AVAILABLE DATA:

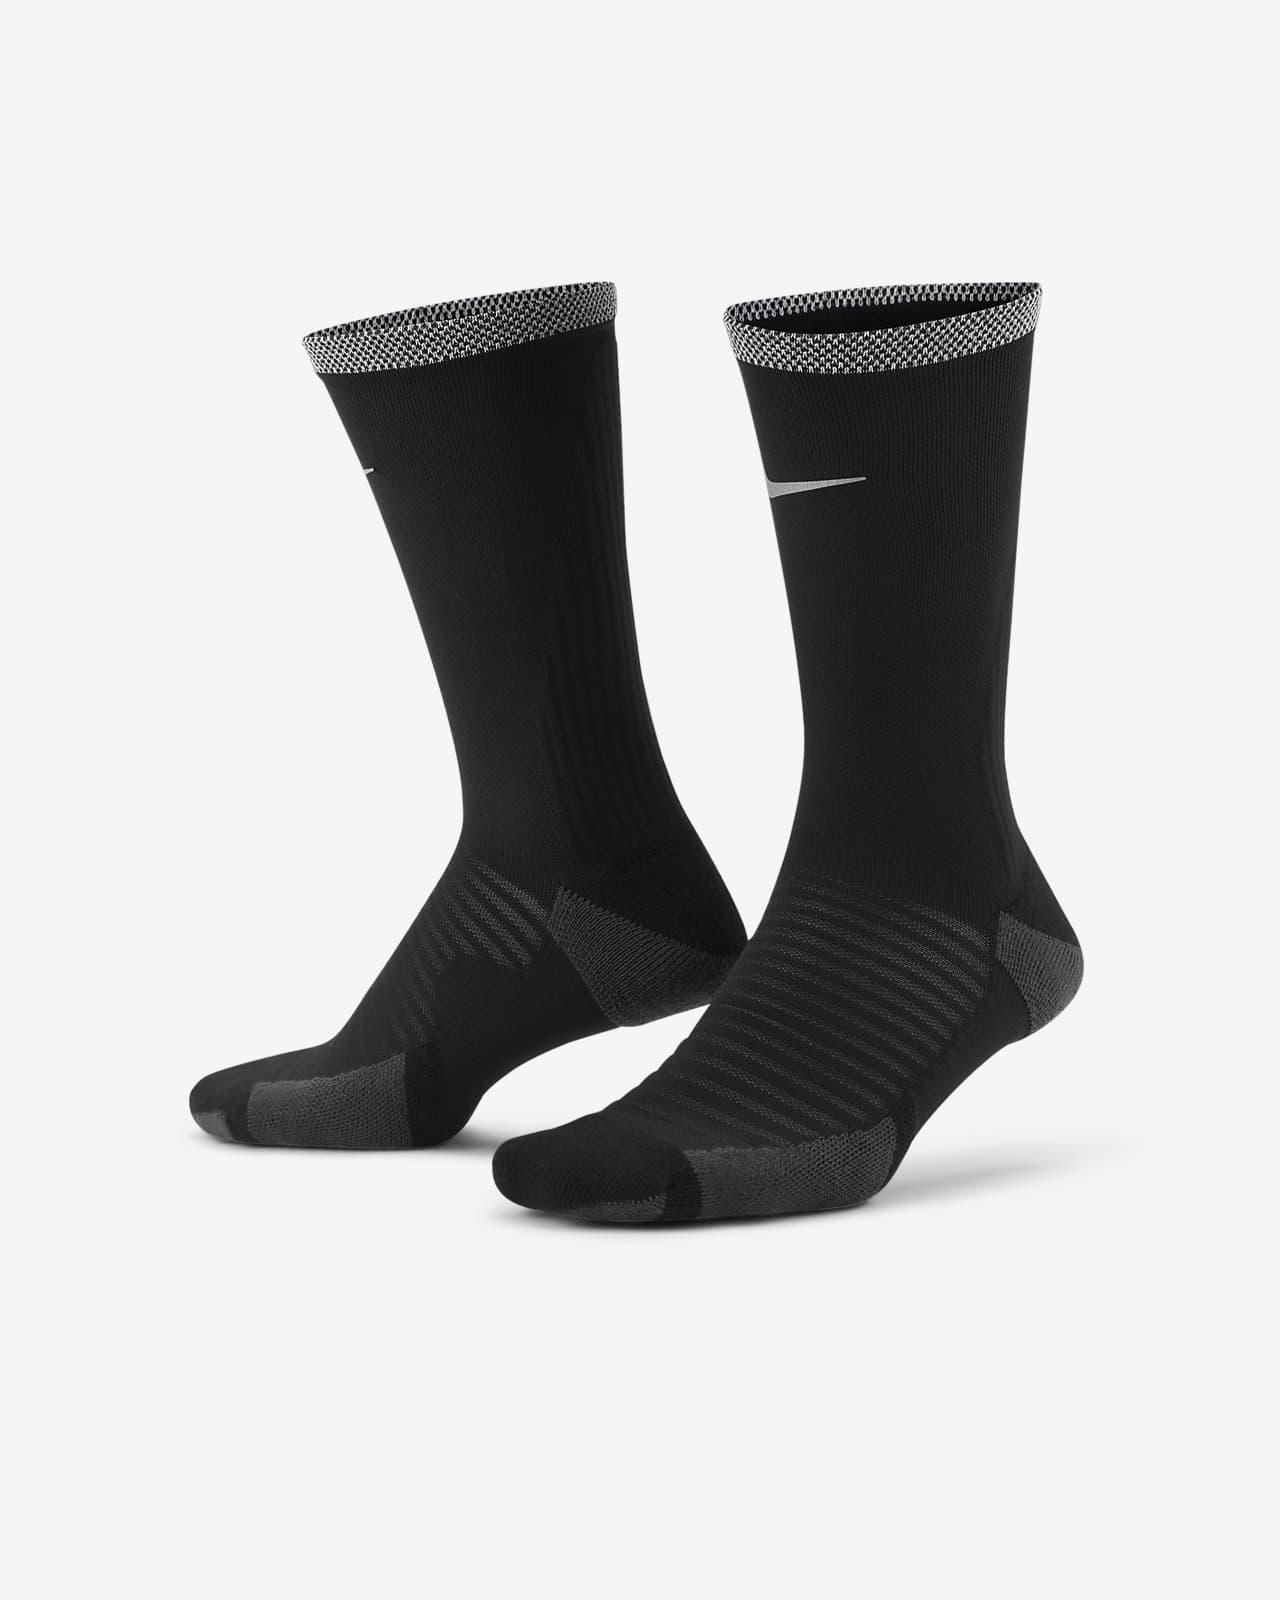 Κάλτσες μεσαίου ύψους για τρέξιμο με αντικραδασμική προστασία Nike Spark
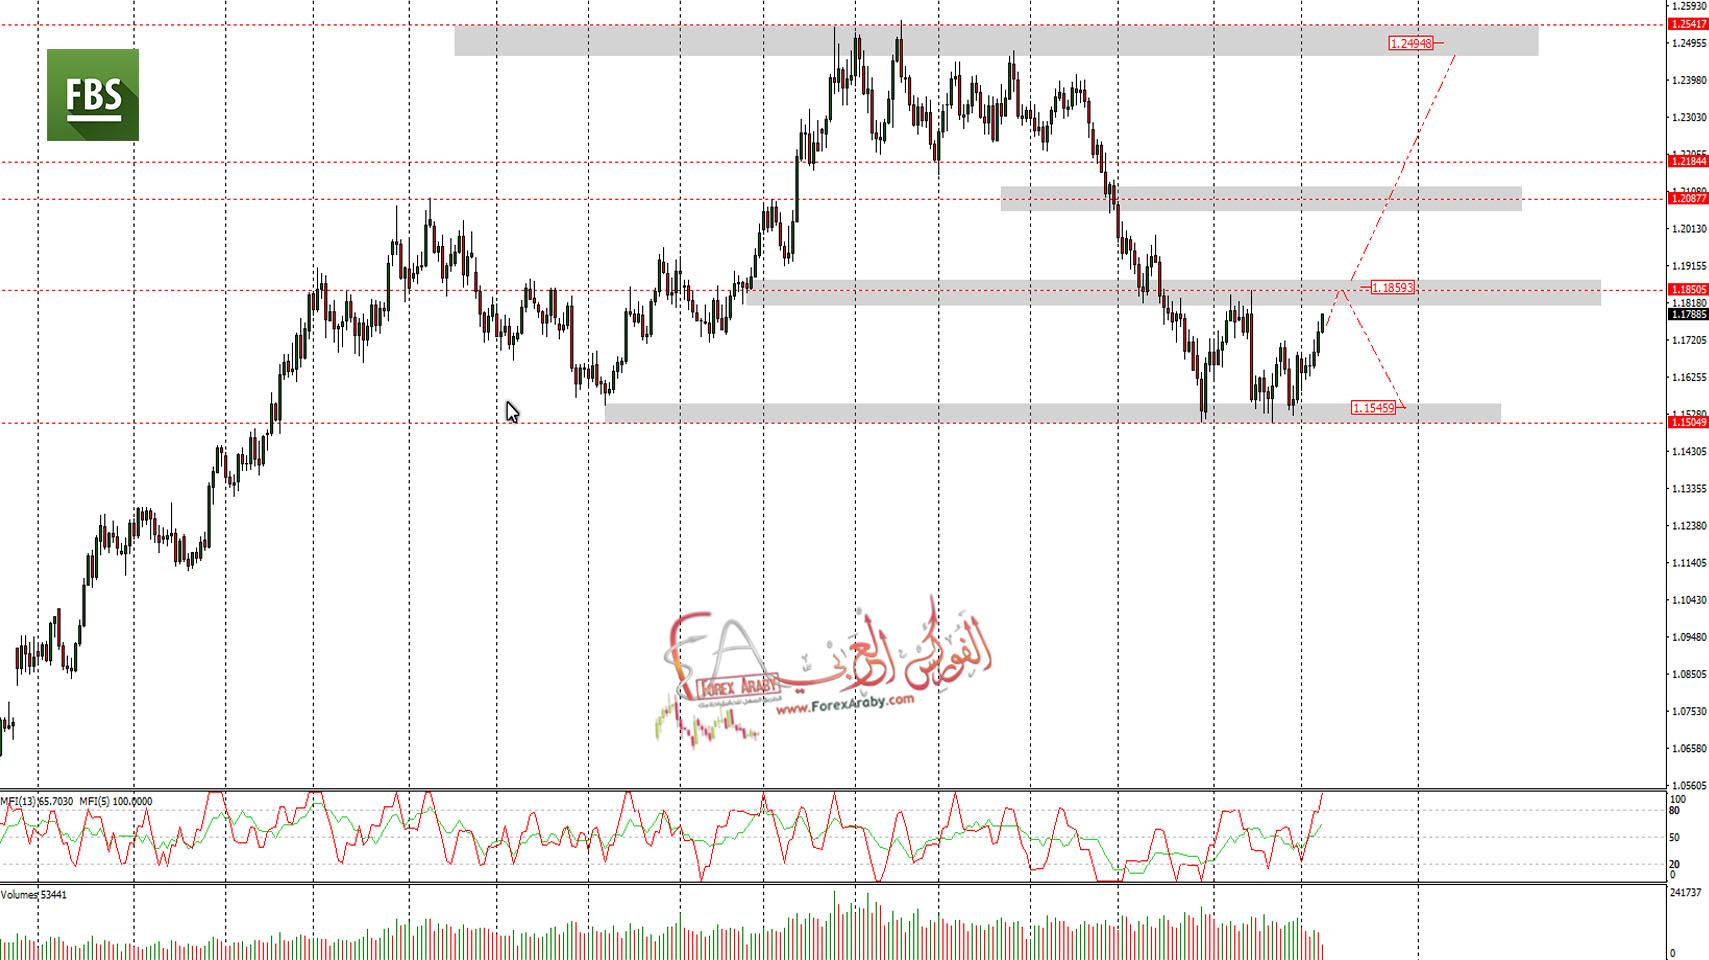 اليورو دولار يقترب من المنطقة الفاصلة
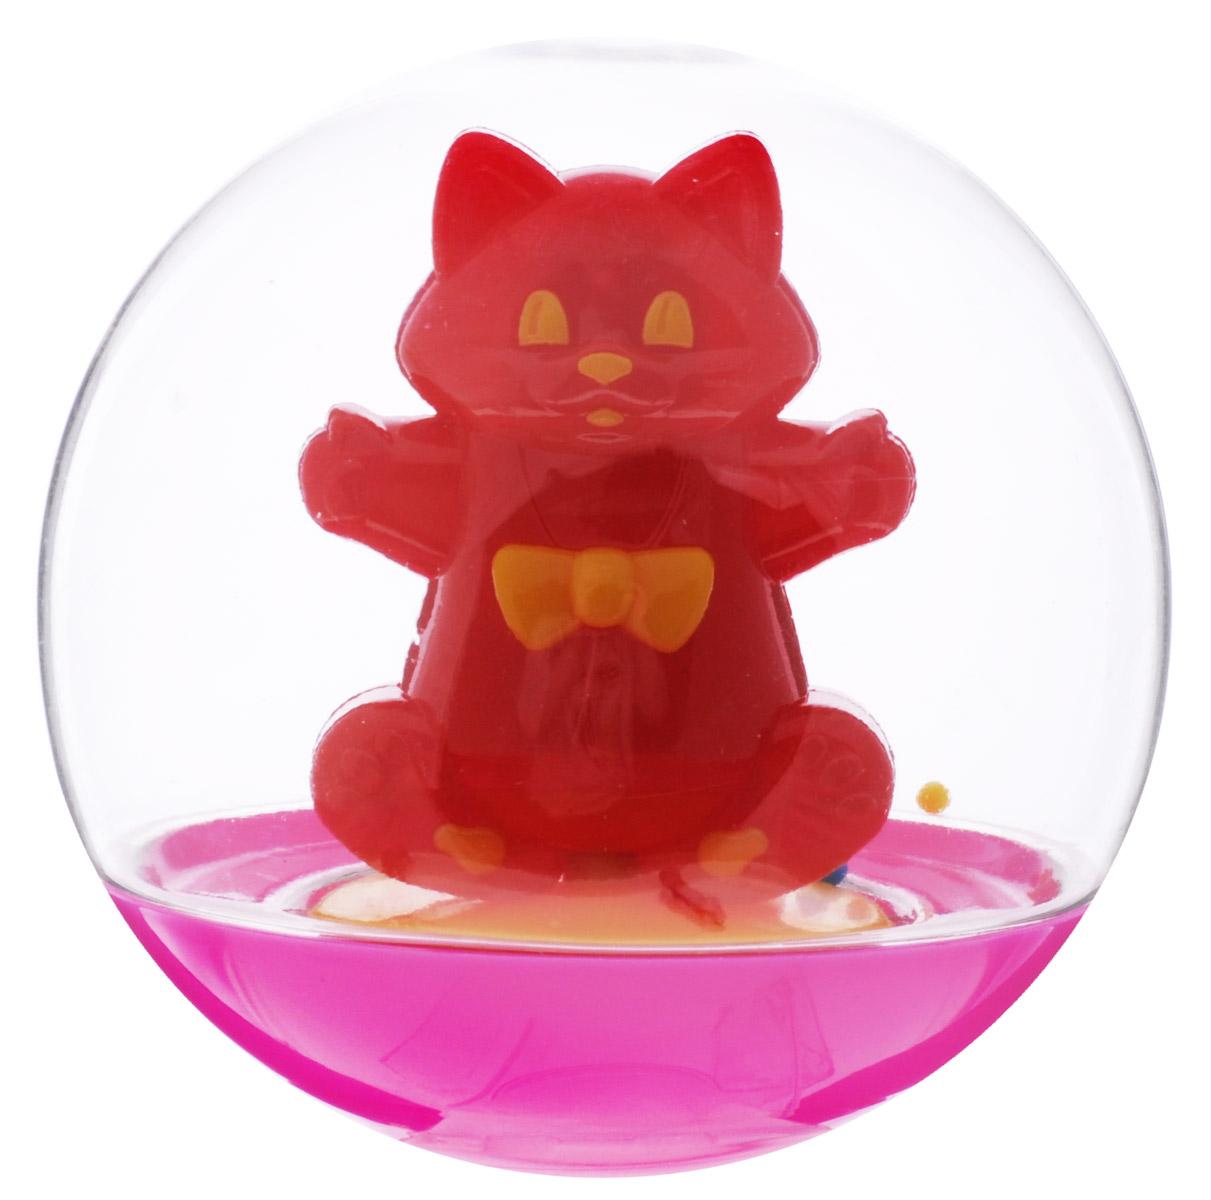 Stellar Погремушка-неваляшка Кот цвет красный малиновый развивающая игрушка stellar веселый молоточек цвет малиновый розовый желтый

YOUR TASK: Copy nothing but the lines from the line that contains "اليورو دولار يقترب من المنطقة الفاصلة" through the end of the listing, exactly, and keep pictures out of it.

EXERCISE RESPONSE:
 اليورو دولار يقترب من المنطقة الفاصلة
 Stellar Погремушка-неваляшка Кот цвет красный малиновый развивающая игрушка stellar веселый молоточек цвет малиновый розовый желтый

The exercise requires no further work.